◆ What to produce:
Every line between the one containing "Grindhead Coins - Doubloons - Bulk Options" and the last line of the data, both included, is to be set down exactly, and pictures are to be omitted.

◆ Data segment:
####################

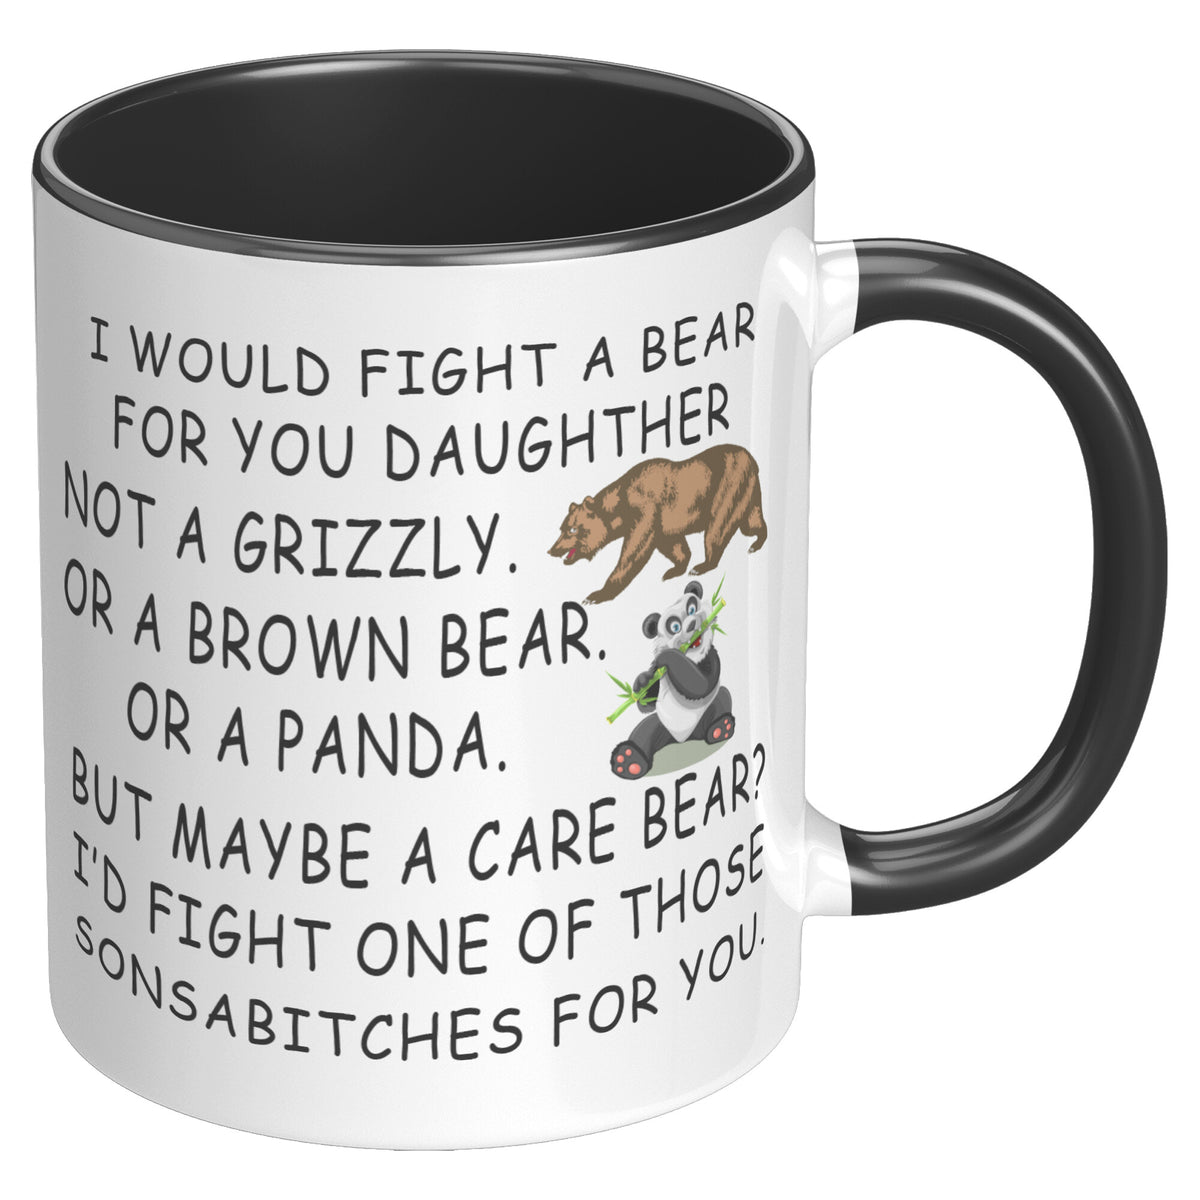 Funny Gift For Daughter - Fight Care Bear For You Accent Coffee Mug 11oz
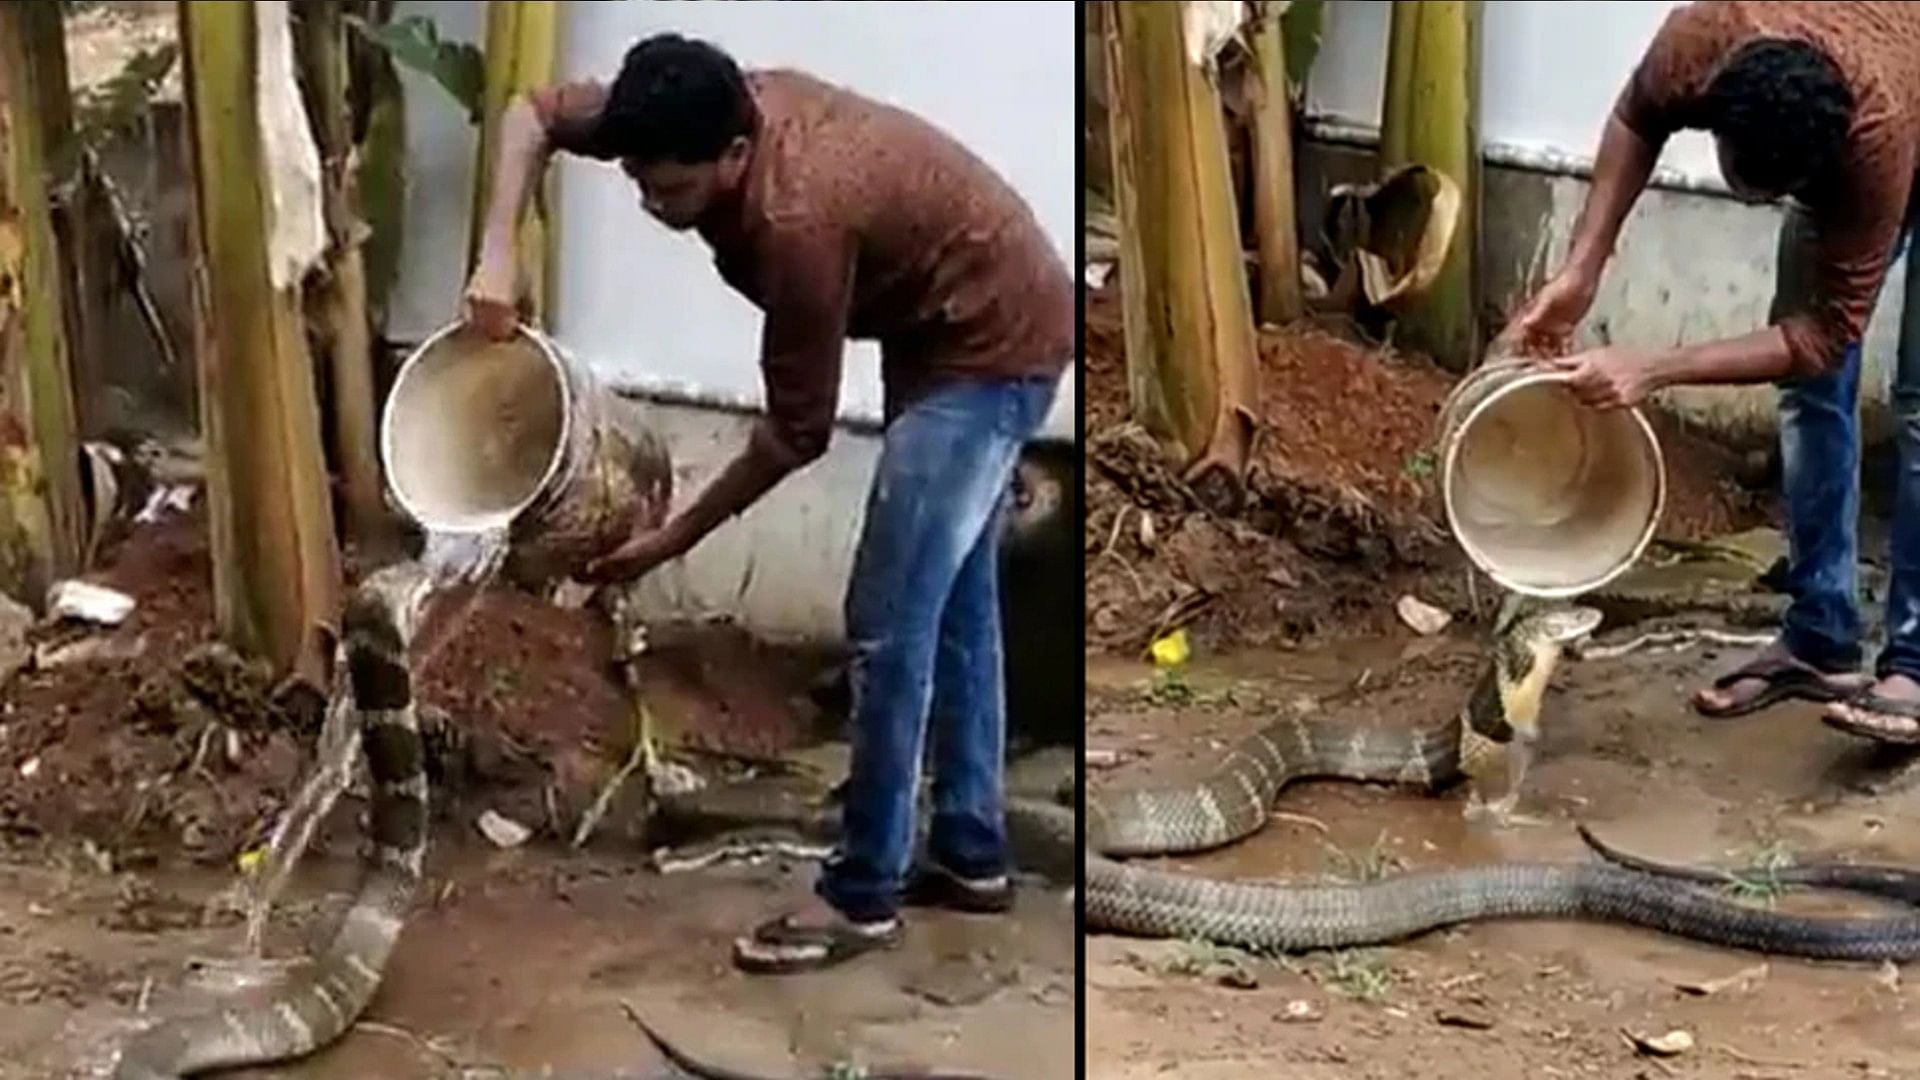 Man poured water on king cobra sitting under tap video goes viral on social media
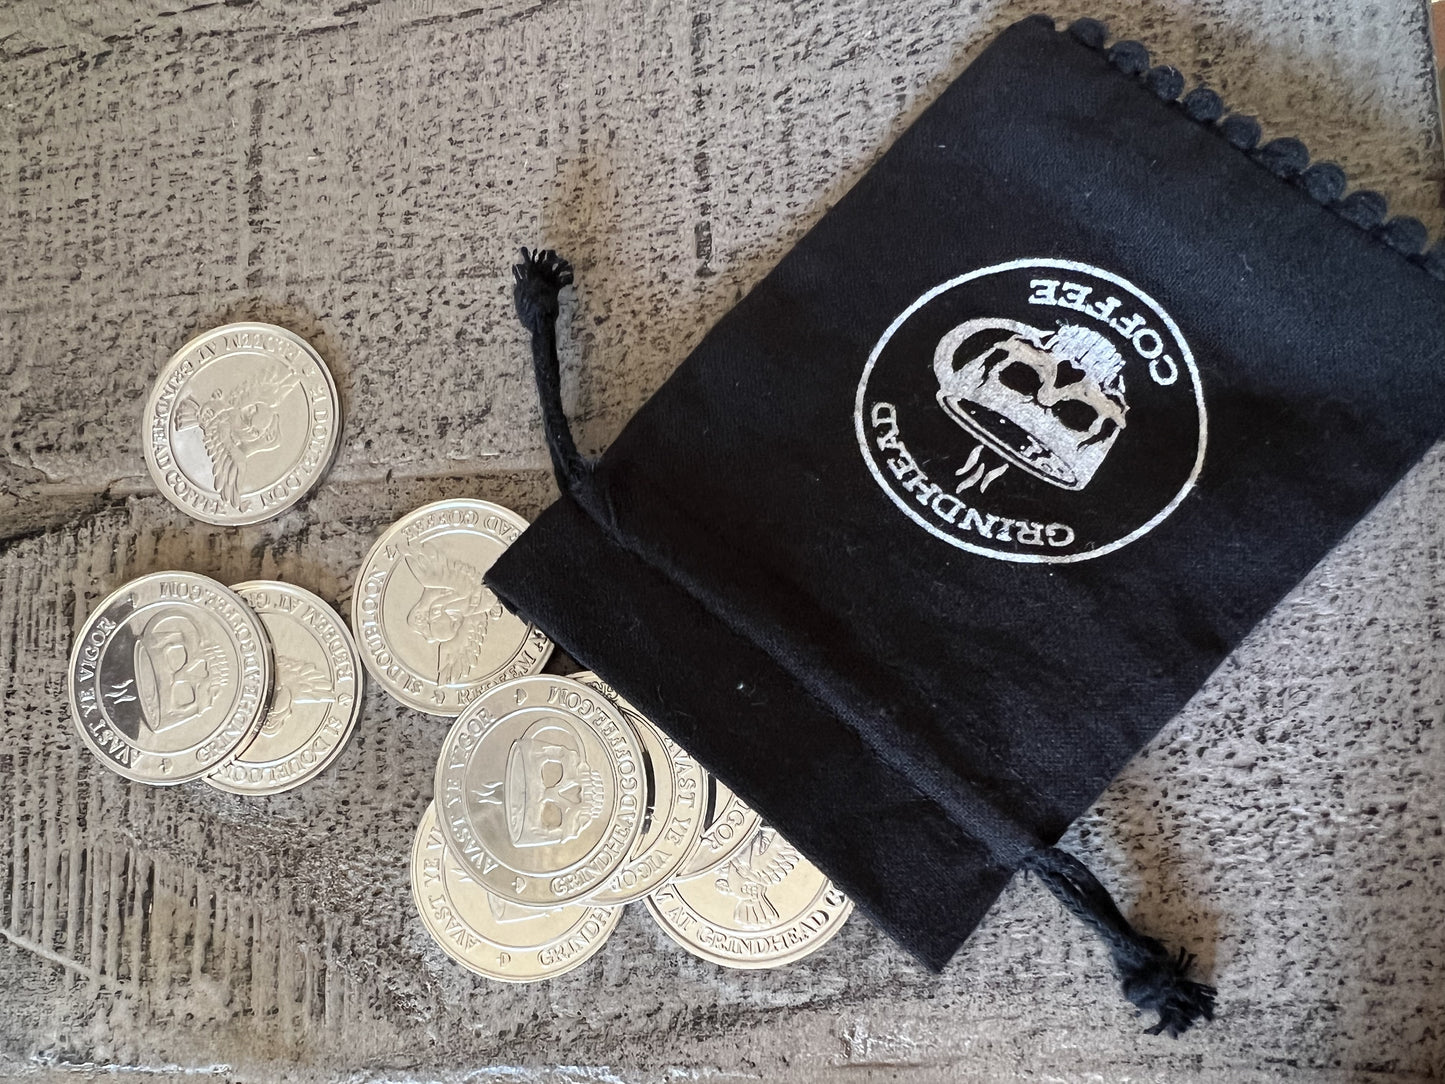 Grindhead Coins - Doubloons - Bulk Options
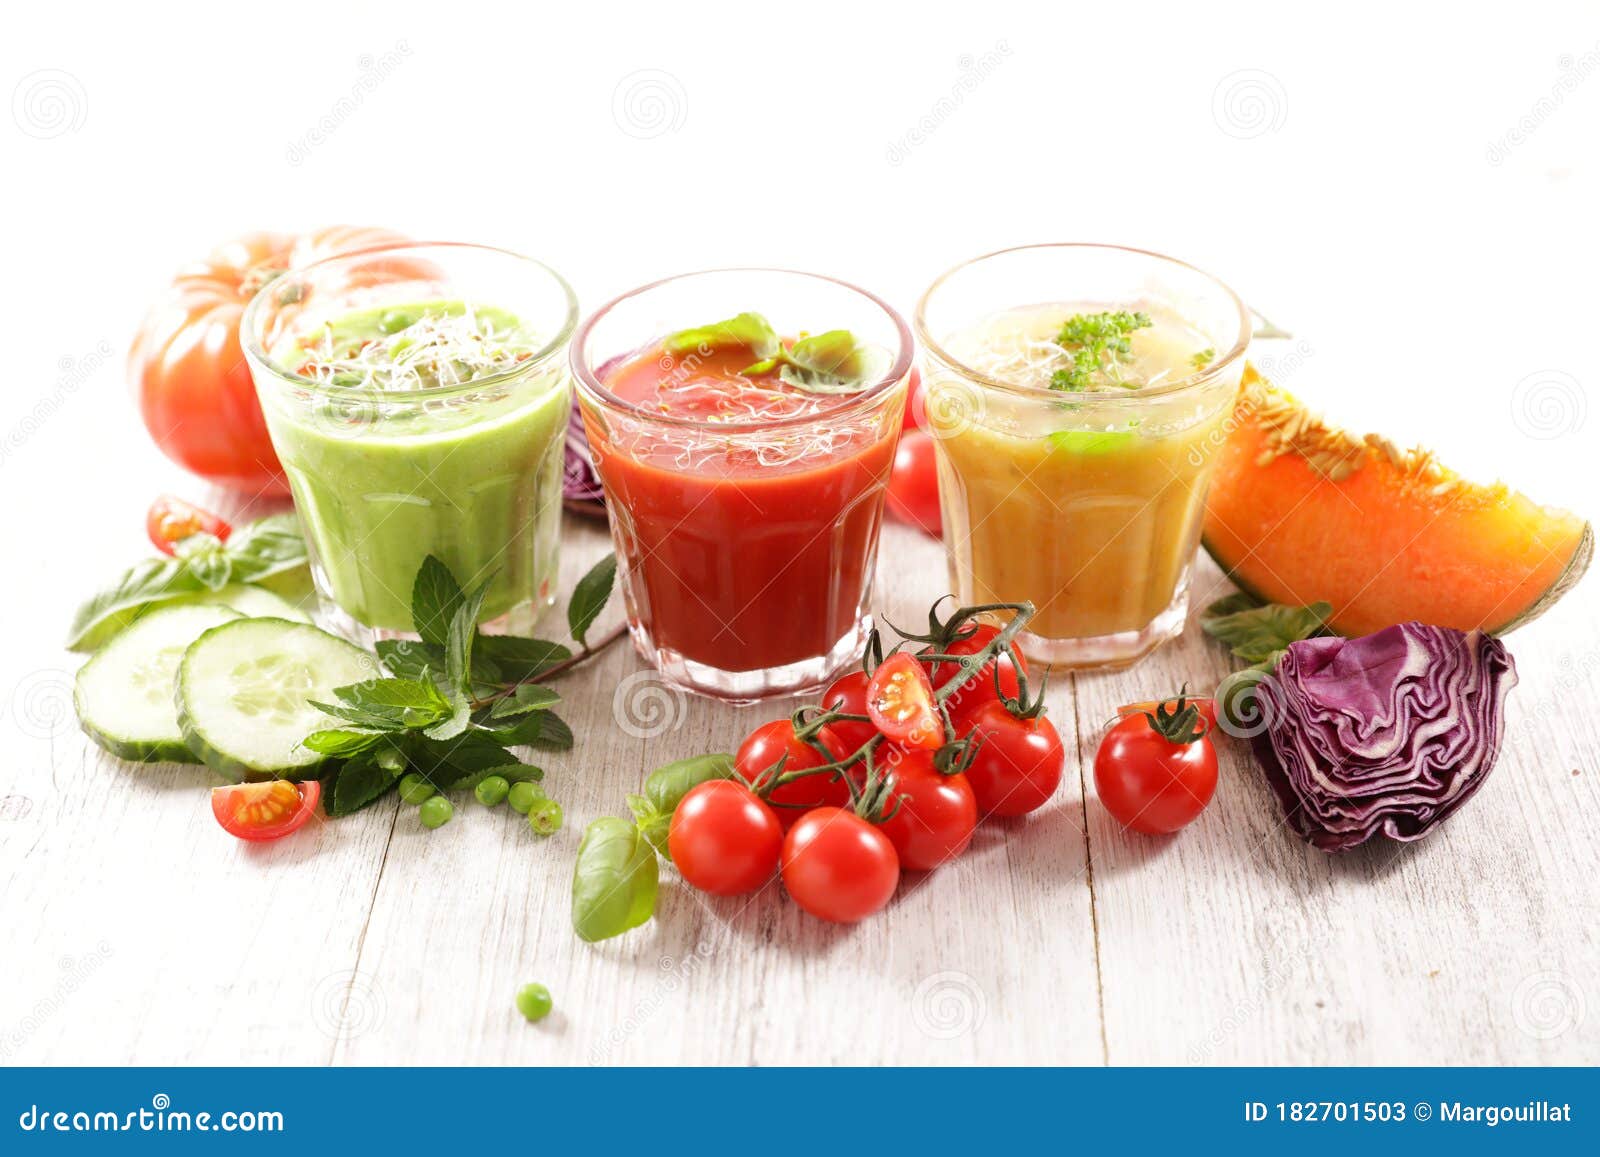 Gazpacho or Vegetable Smoothie Stock Image - Image of assortment ...

####################

◆ Problem solution:
 Grindhead Coins - Doubloons - Bulk Options
 Gazpacho or Vegetable Smoothie Stock Image - Image of assortment ...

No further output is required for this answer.